Wednesday, March 29, 2006. Sunshine, almost no wind, 65+ degrees. Spring is finally here. Lunch time comes I take my lunch box and sit looking out over the berkshire mountains of CT, NY, MA. Crows, hawks, robins, blue jays and numerous small birds around us. The turkeys are strutting in a field nearby. Maybe an Eagle will make an appearance? Earlier a coyote ran through the site. Trees have some buds and crocus’s bluebells and daffodils are pushing up. 

The job is going well. Machines are running with no problems. The sandwich my wife packed is very good and just makes the day better. I open my thermos and poor some tea. THEN it hits me. How does a thermos know when to keep something Hot or when it should be Cold? How does it Know?????

Ha Ha?

Nick


----------



## jmic (Dec 10, 2005)

It's all in the Vacuum. Sounds like you were stuck in a Thomas Kinkade time warp. Seriously I know what you're talking about I use to live in Warren yrs. ago and it was just like that. In Greenwich you're lucky to see a few squirrels and the rest of the nuts down there.


----------



## rino1494 (Jan 31, 2006)

WTF.......your wife packs your lunch. I need to sit down and have a talk with my old lady.


----------



## firemike (Dec 11, 2005)

> The job is going well. Machines are running with no problems. The sandwich my wife packed is very good and just makes the day better. I open my thermos and poor some tea.


For God's sake! Stay away from Nick! There has got to be an asteroid hurling through space right now destined for an impact on his jobsite, probably headed right for his Thermos...


----------



## Peladu (Jan 8, 2006)

rino1494 said:


> WTF.......your wife packs your lunch. I need to sit down and have a talk with my old lady.

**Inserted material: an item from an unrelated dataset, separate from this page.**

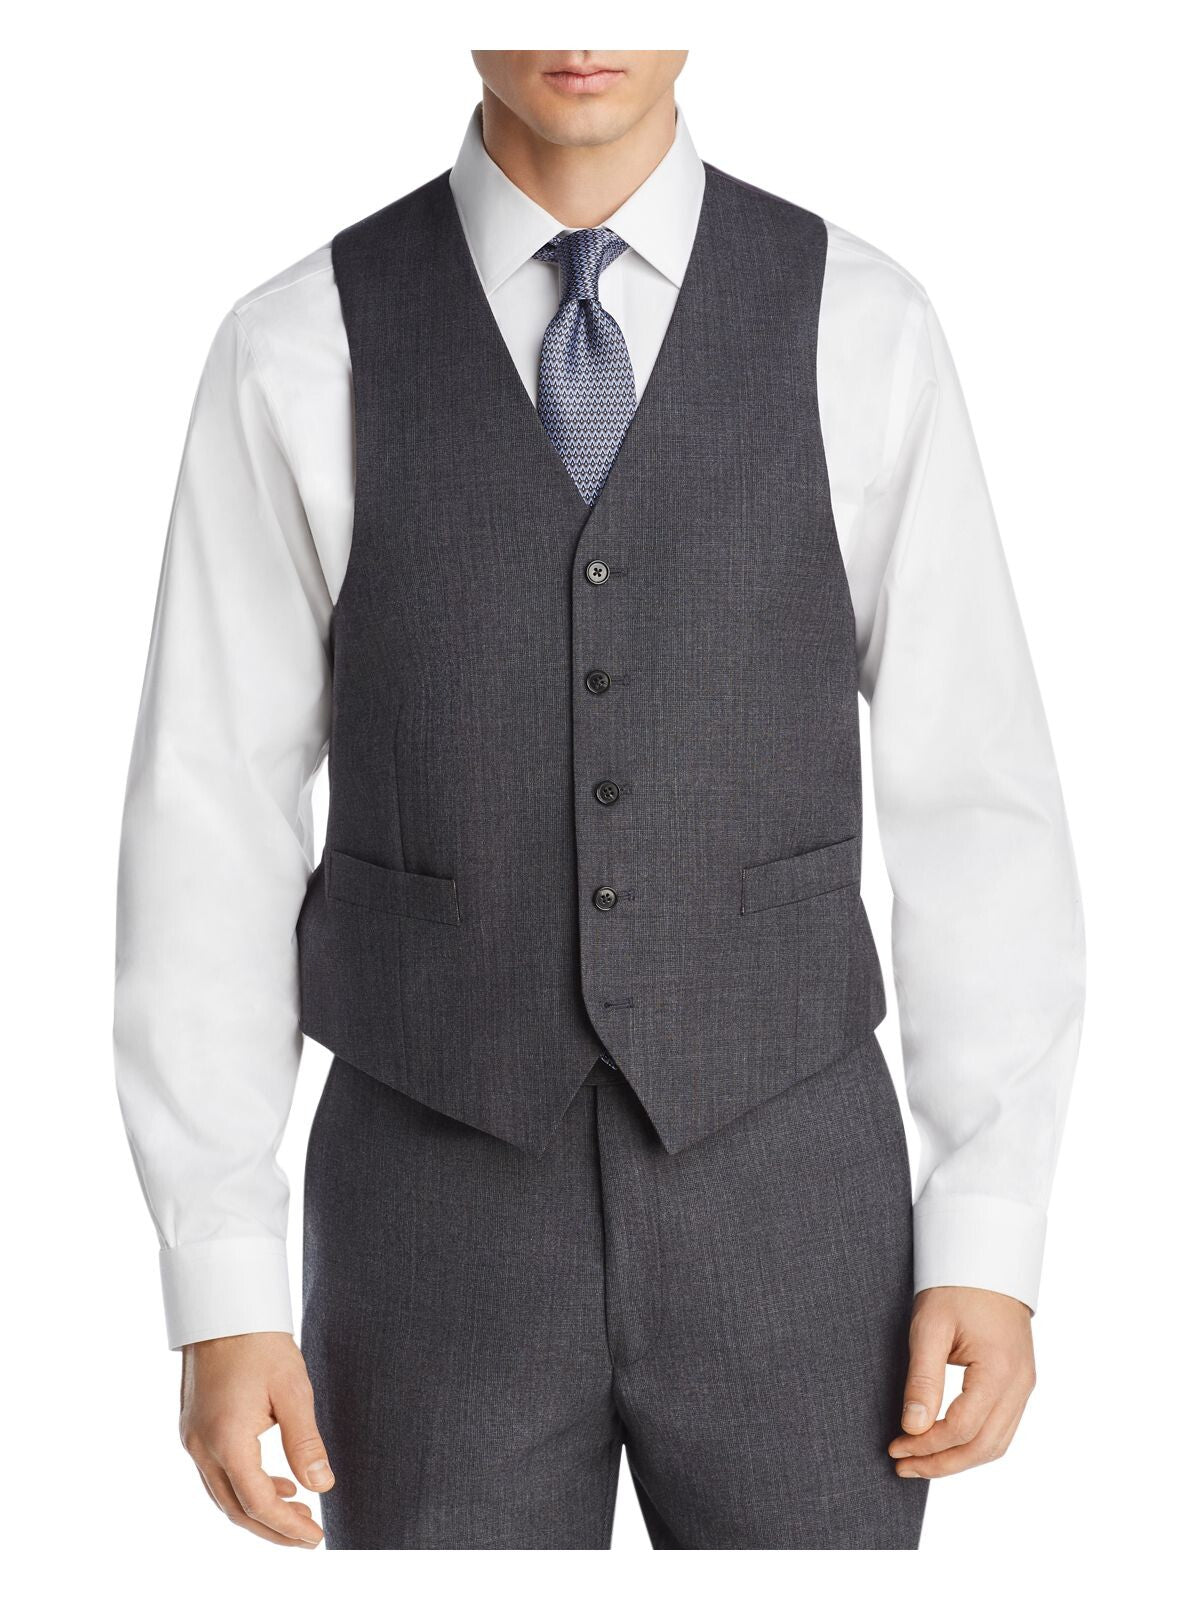 MICHAEL KORS Mens Gray Classic Fit Suit Separate Blazer Jacket 36R

My wife has always packed my lunch.
Every day without missing one.
When we got married I told her that she has a choice.
Either every moring I get some nookie, or I get a lunch for the day.
I have a packed lunch every day.


----------



## denick (Feb 13, 2006)

Today I ate my lunch ( that, that woman made) opened that thermos and there was no answer. How does it Know????

Nick


----------



## firemike (Dec 11, 2005)

> How does it Know????


It's part of the same mystical force that allows a wife to know when you have extra money in your pocket... How does she know?????


----------



## Teetorbilt (Feb 12, 2004)

All of those birds and you're worried about lunch? Sheesh! City slickers!


----------



## denick (Feb 13, 2006)

No at 5:30 am when we go to work its not tripping over the black bears that we worry about.


----------



## denick (Feb 13, 2006)

Today at a job on CT's deepest lake watched a bird approaching from a long distance knowing it was a big bird as it got closer. It made a half circle and fell out of the sky. It pulled up short and grabbed a good size fish from the lake in it's talon's. The eagle turned back the way it came from and disappeared out of sight a long way away.

Don't get to see that often here in CT. Might be the best lunch of the year.


Nick


----------



## PipeGuy (Oct 8, 2004)

I ate an egg salad and cinder sandwhich on this today








as it made its way up into the Alleghany mountains. The smell of steam and sulphur filled the air as I stood in the open section of a 'combo' mail car / coach directly behind the tender. Best sandwhich I've had this year.


----------



## Grandpa John (Feb 3, 2011)

OK, lets be honest. How many out there have an "adult beverage" at lunch occasionally?


----------



## tgeb (Feb 9, 2006)

Grandpa John said:


> OK, lets be honest. How many out there have an "adult beverage" at lunch occasionally?


And go back to work after? NEVER!


----------



## donerightwyo (Oct 10, 2011)

X2 on never


----------



## Inner10 (Mar 12, 2009)

Grandpa John said:


> OK, lets be honest. How many out there have an "adult beverage" at lunch occasionally?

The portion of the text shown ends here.